COLLECTED MATERIAL:
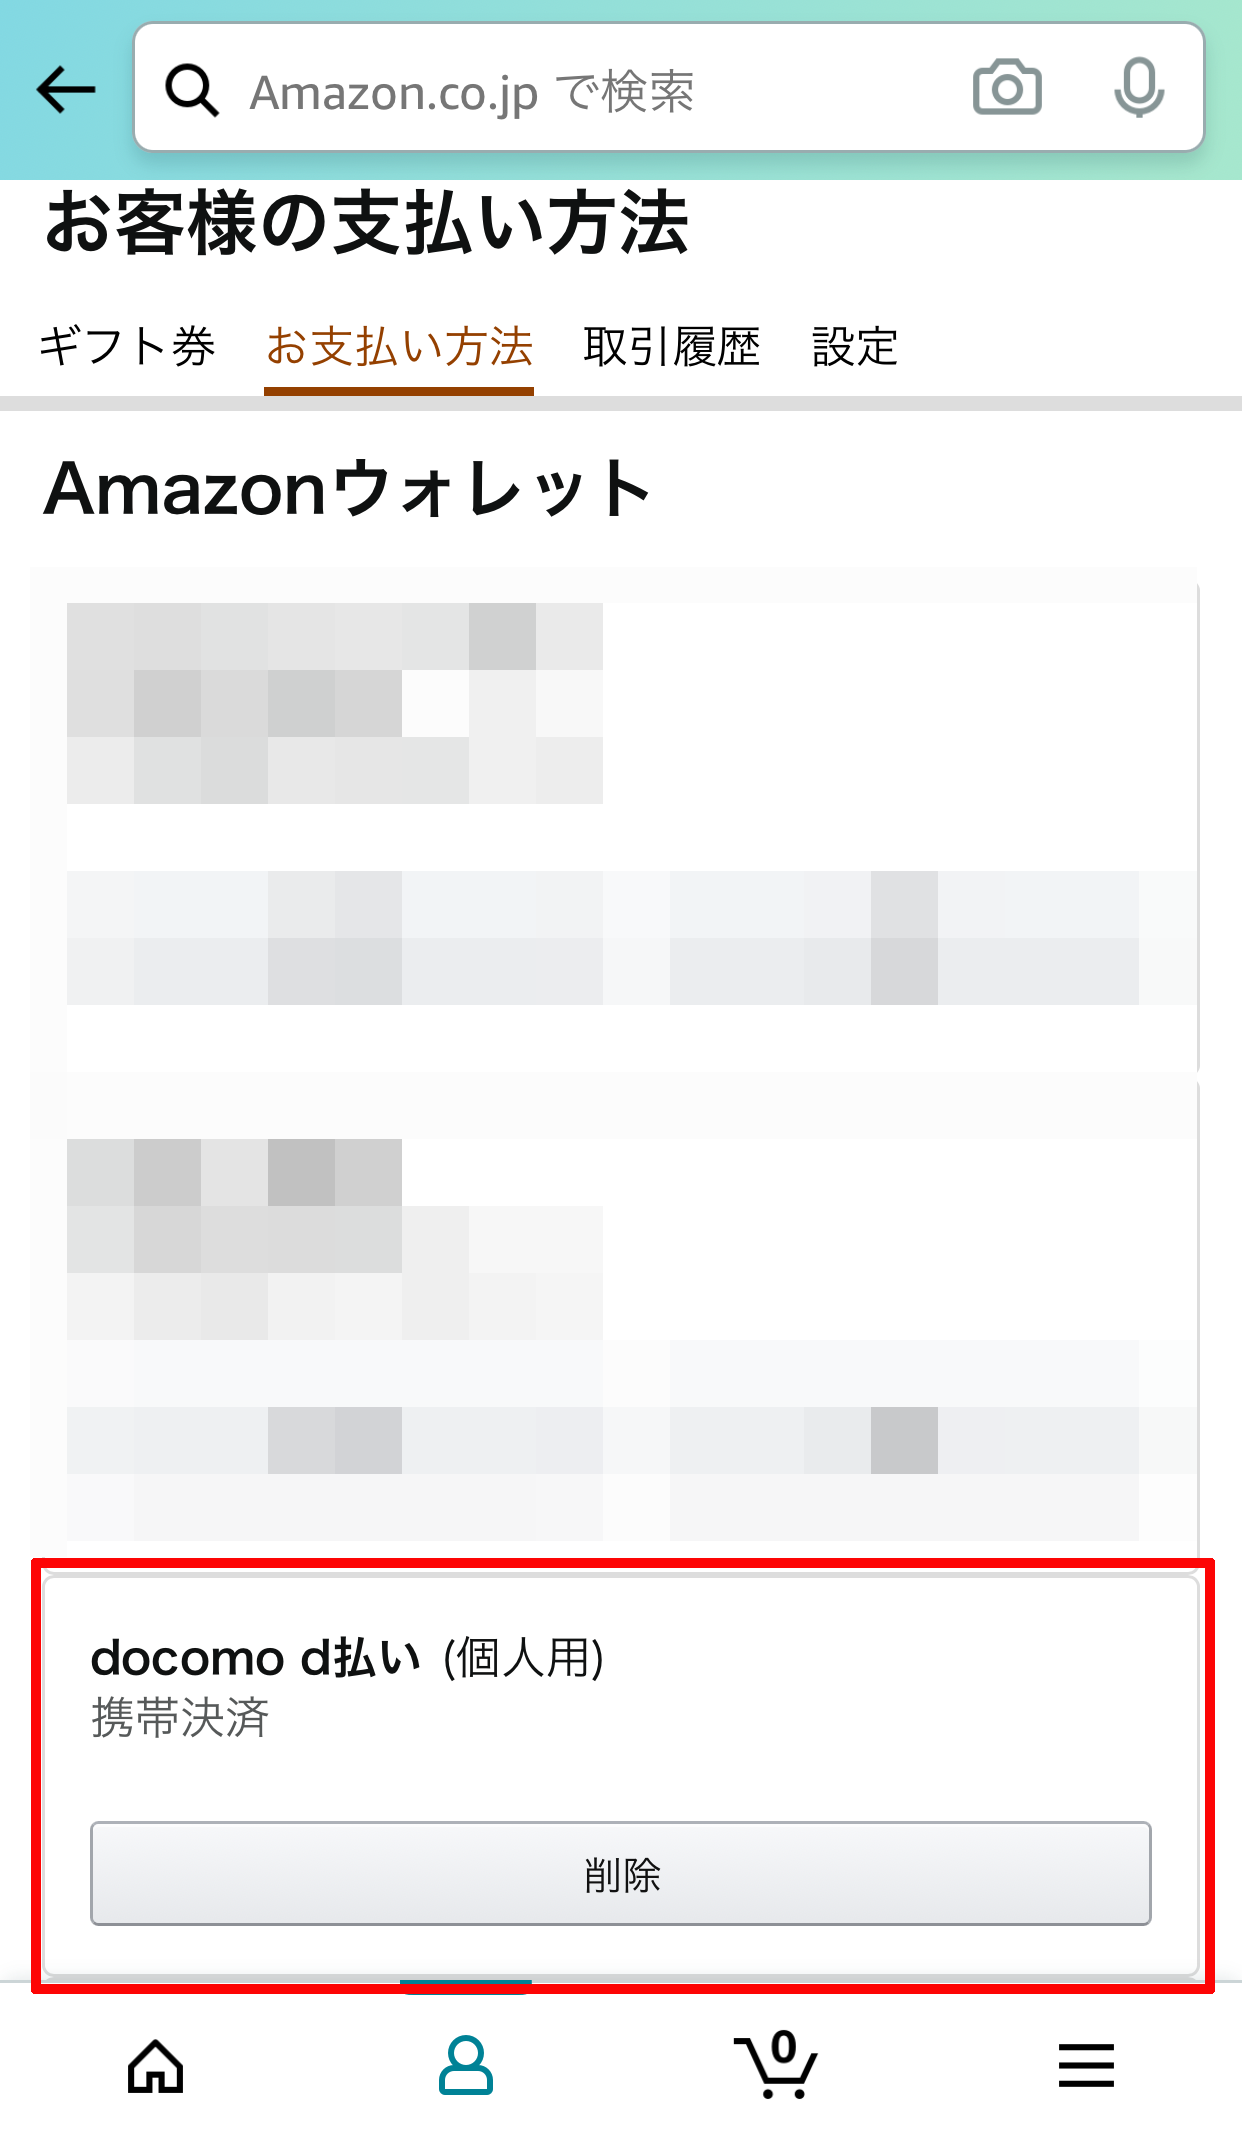 「お支払い方法」に「docomo d払い（個人用）」が追加されていれば、Amazonでd払いをするための設定は完了
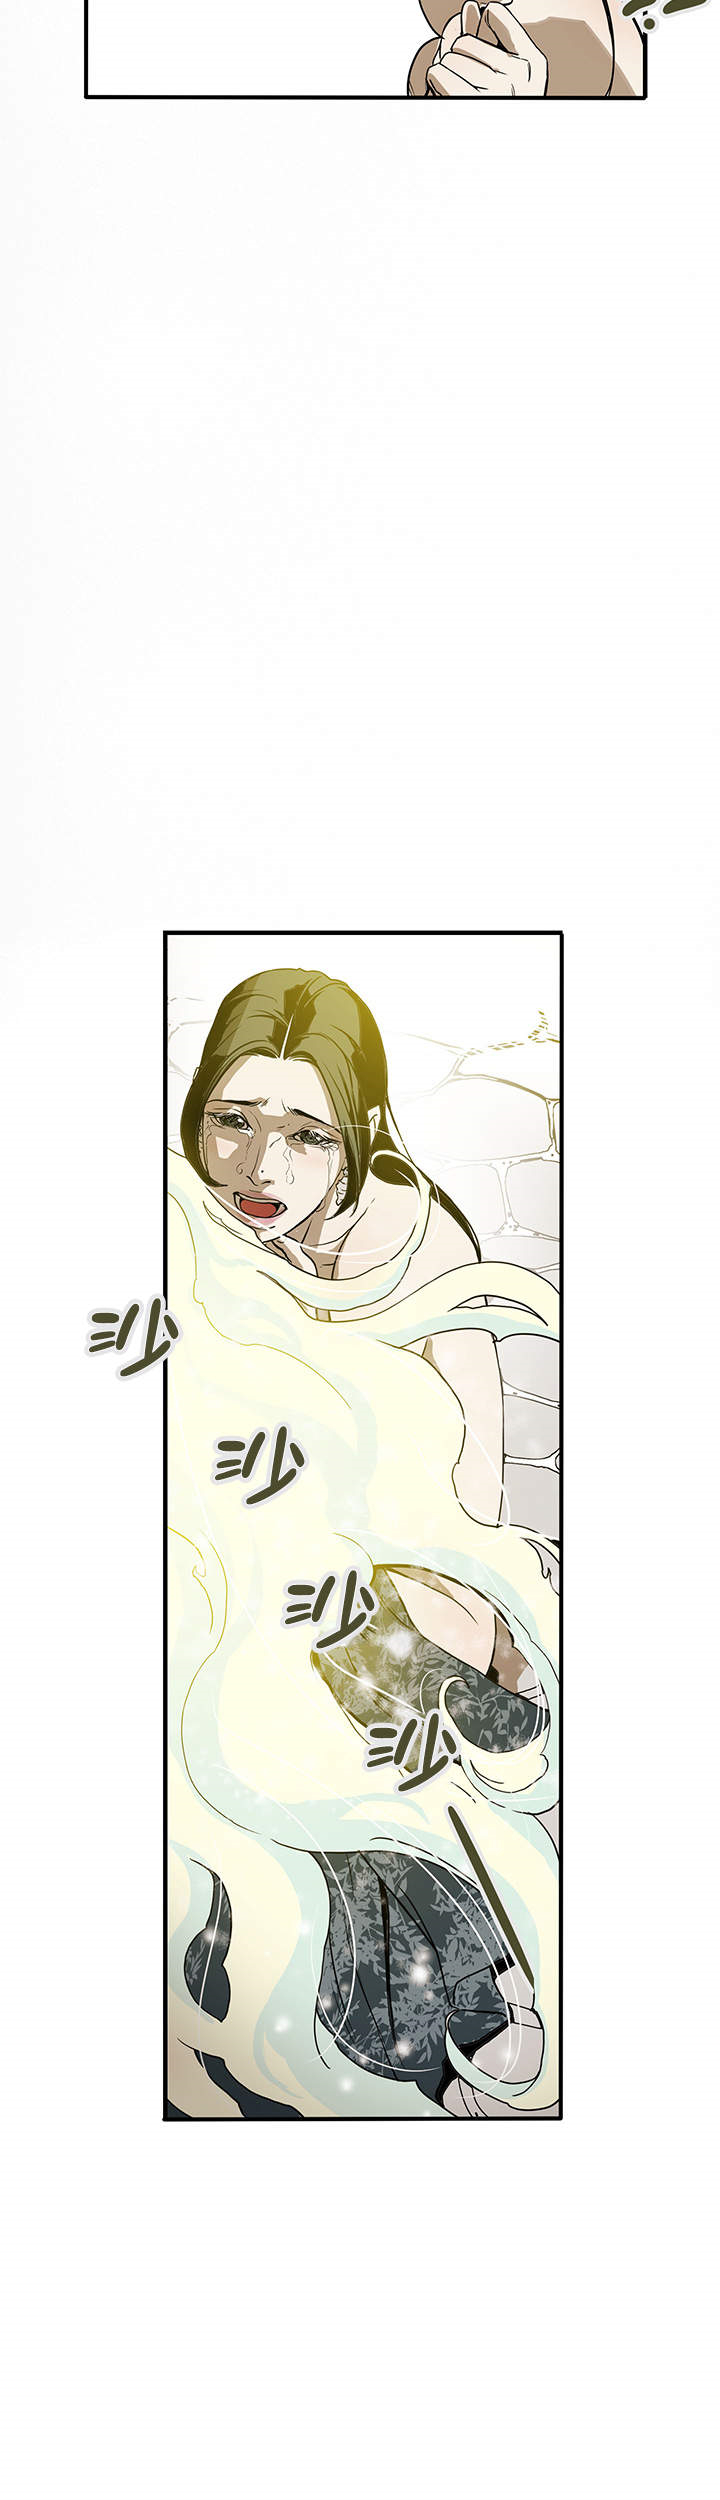 《爱自己》— 韩国漫画 — 全文在线阅读
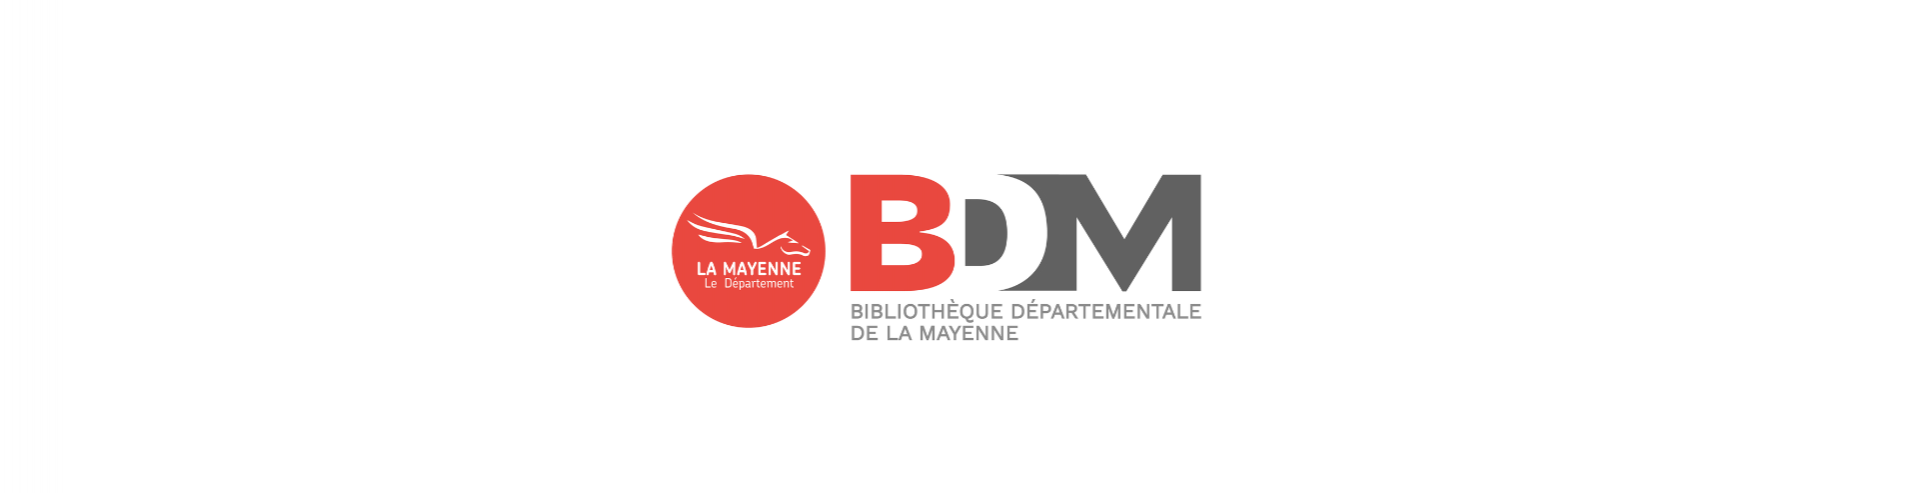 BDM - Bibliothèque départementale de la Mayenne

WORK REQUEST:
Give back exactly the lines from the one that contains "韩国漫画 — 全文在线阅读" to the final line of the data above, both included, with all pictures removed.

RESPONSE BELOW:
 《爱自己》— 韩国漫画 — 全文在线阅读
 BDM - Bibliothèque départementale de la Mayenne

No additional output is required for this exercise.